## Exercise brief
The line with "Γυαλιά ηλίου Montreal" marks the start; please set it down along with all later lines through the end of the material, exactly, leaving out pictures.

## Data provided
=======
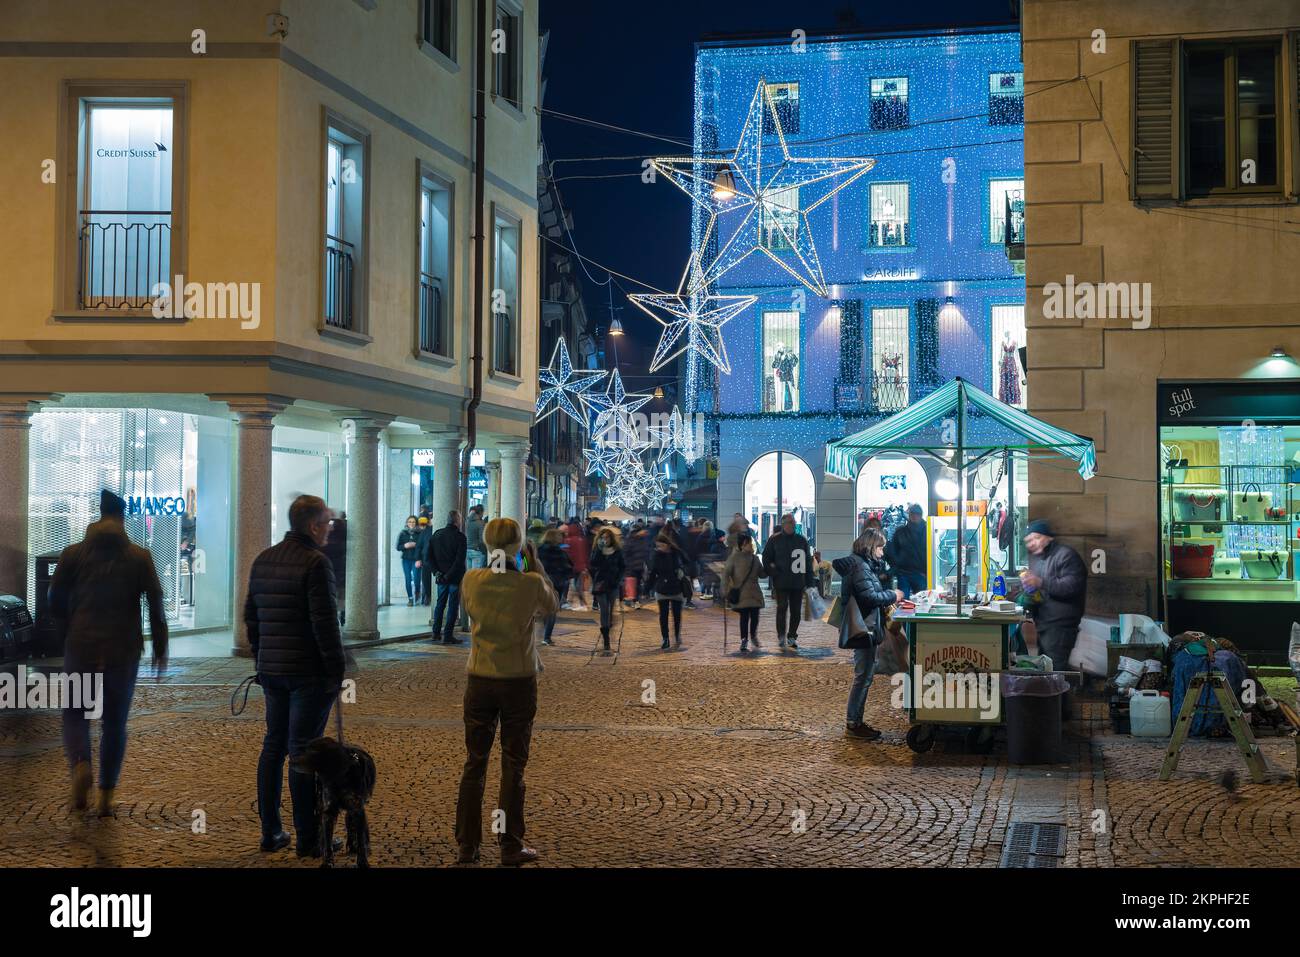 Strada di notte illuminata con decorazioni natalizie, Varese, Italia Foto Stock
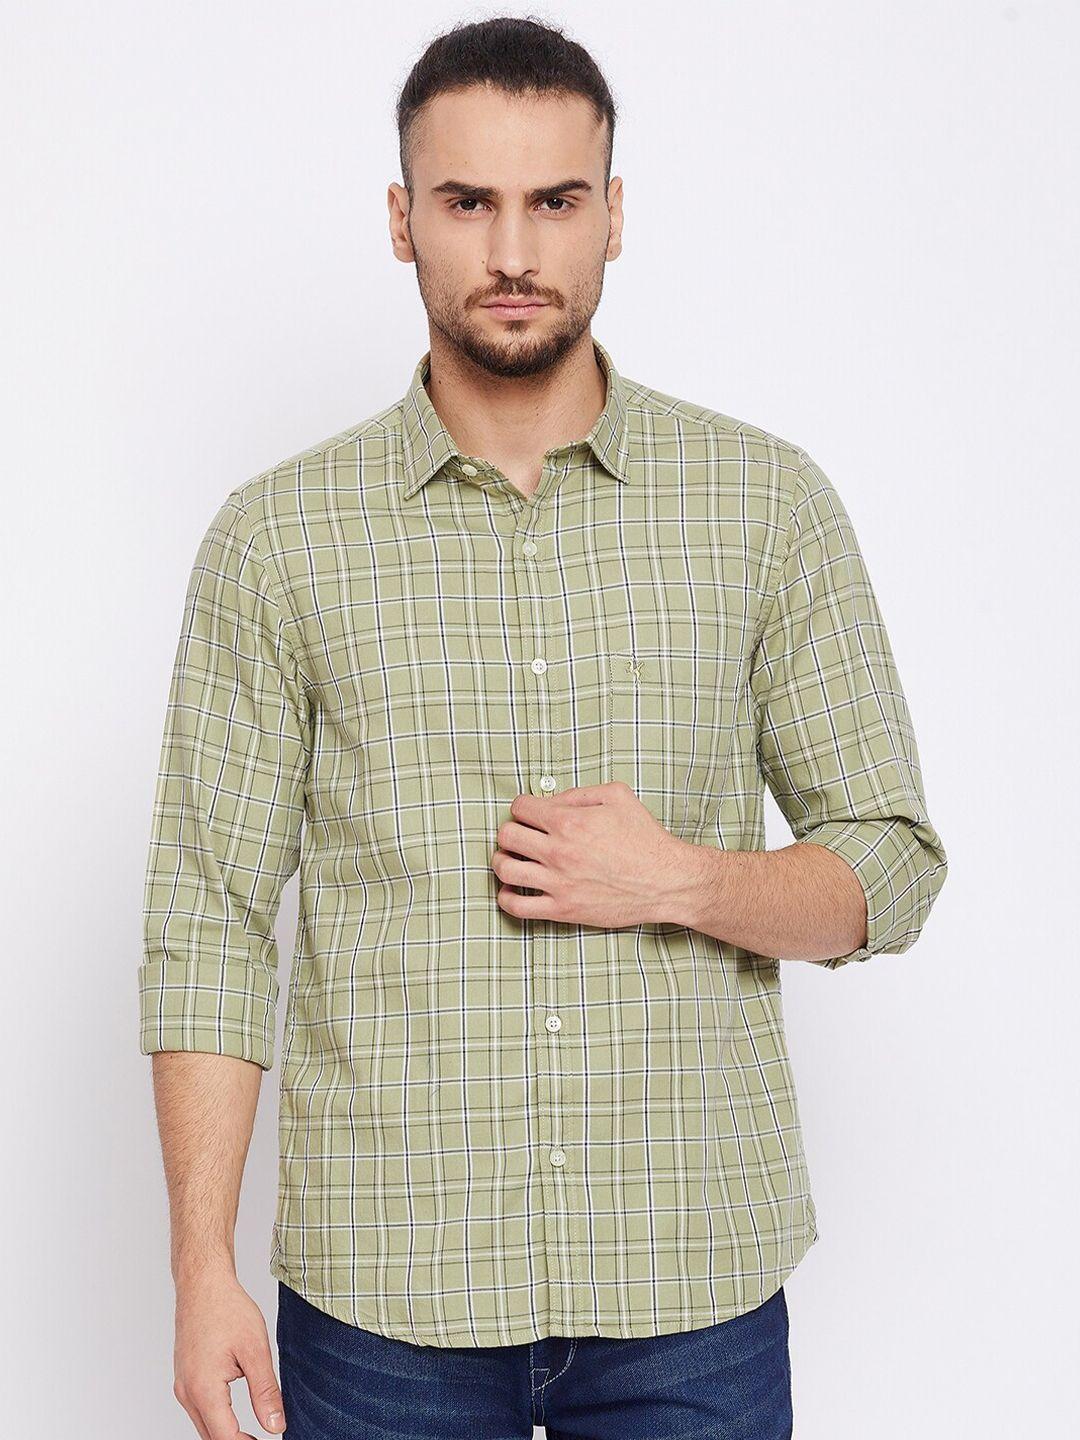 cantabil men green tartan checks opaque checked casual shirt
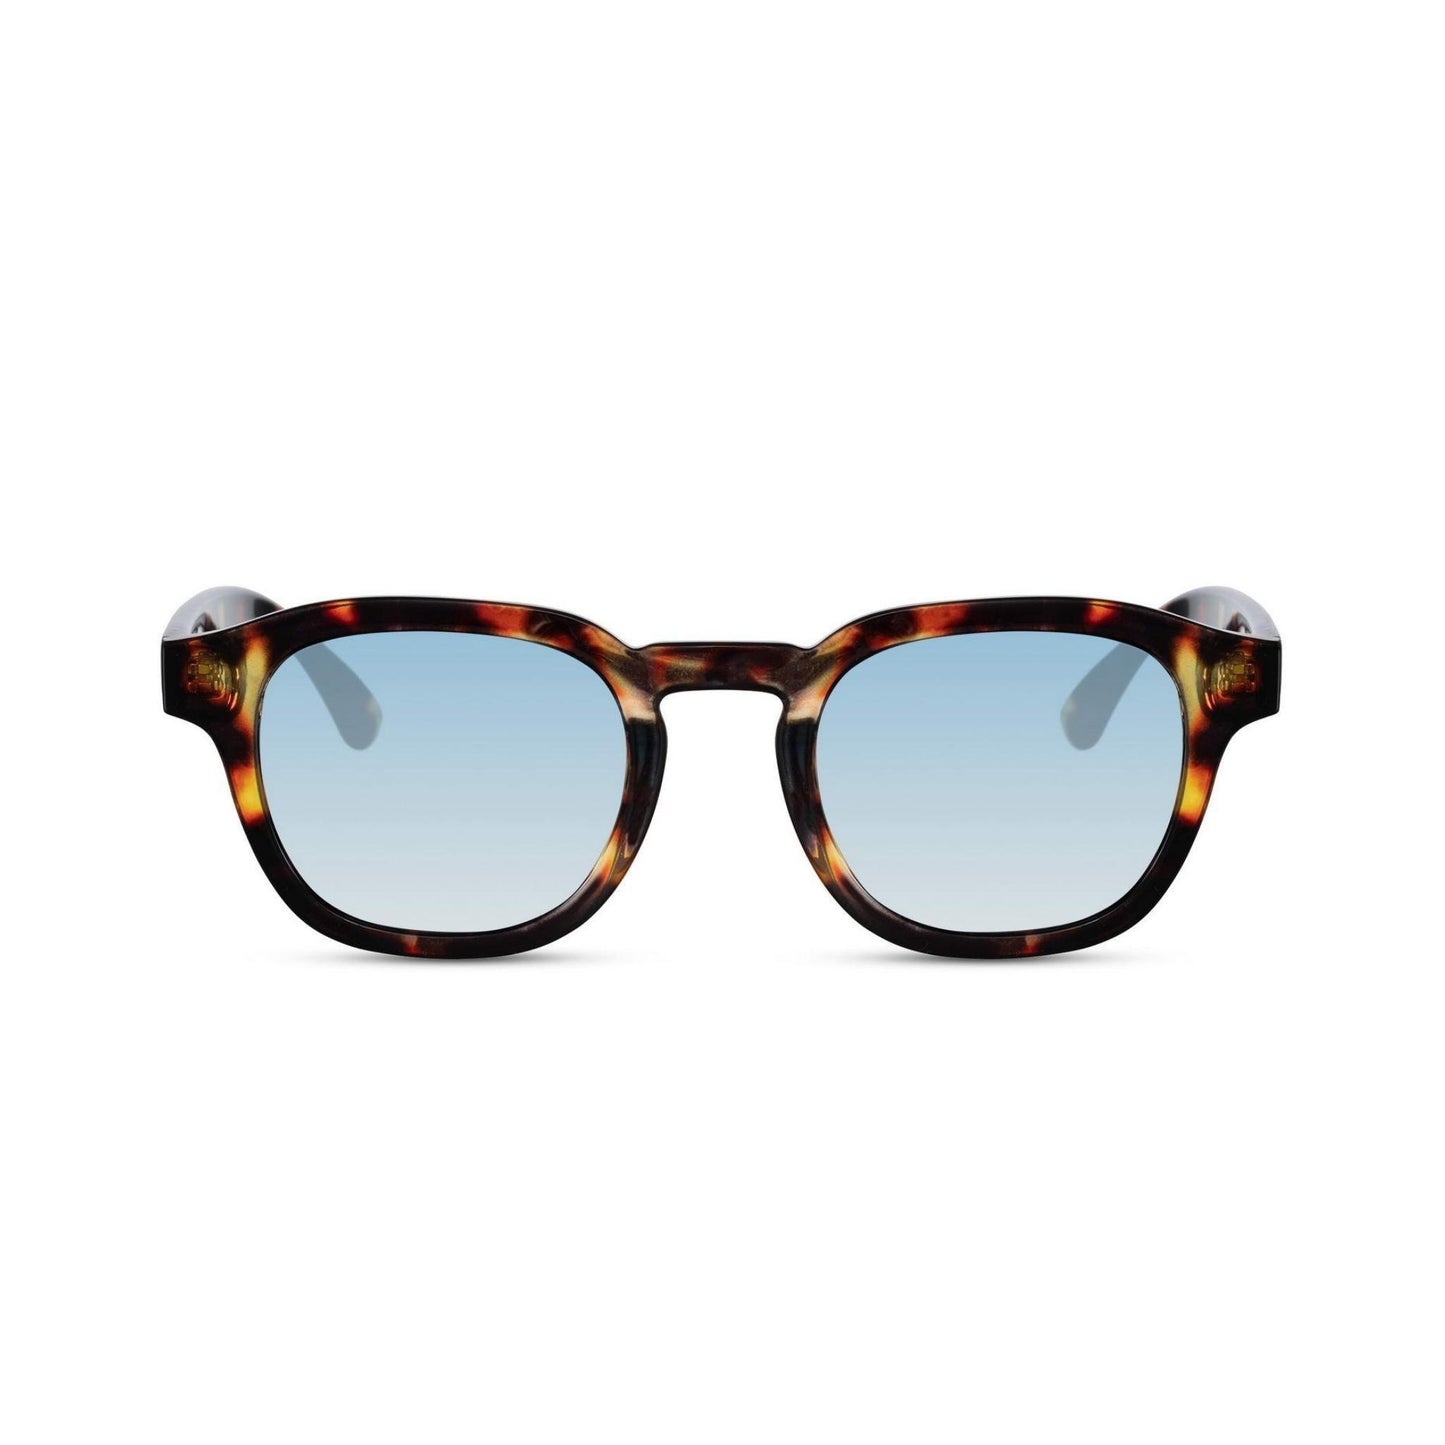 Γυαλιά ηλίου Montreal της Exposure Sunglasses με προστασία UV400 με καφέ σκελετό και μπλε φακό.
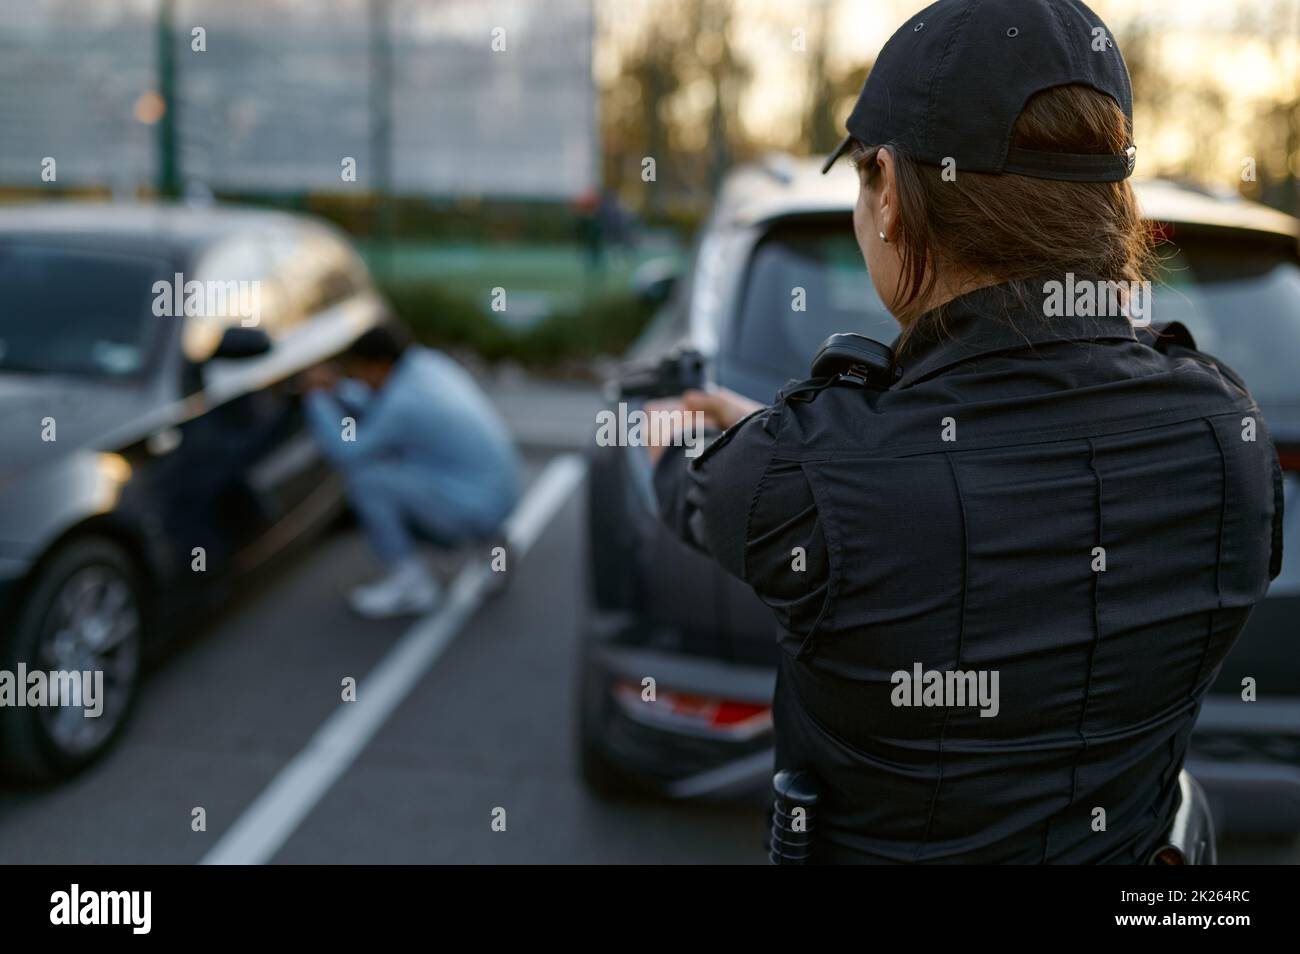 Policier visant un fusil à la vue arrière du voleur de voiture Banque D'Images
=======
## Task response
 Γυαλιά ηλίου Montreal της Exposure Sunglasses με προστασία UV400 με καφέ σκελετό και μπλε φακό.
 Policier visant un fusil à la vue arrière du voleur de voiture Banque D'Images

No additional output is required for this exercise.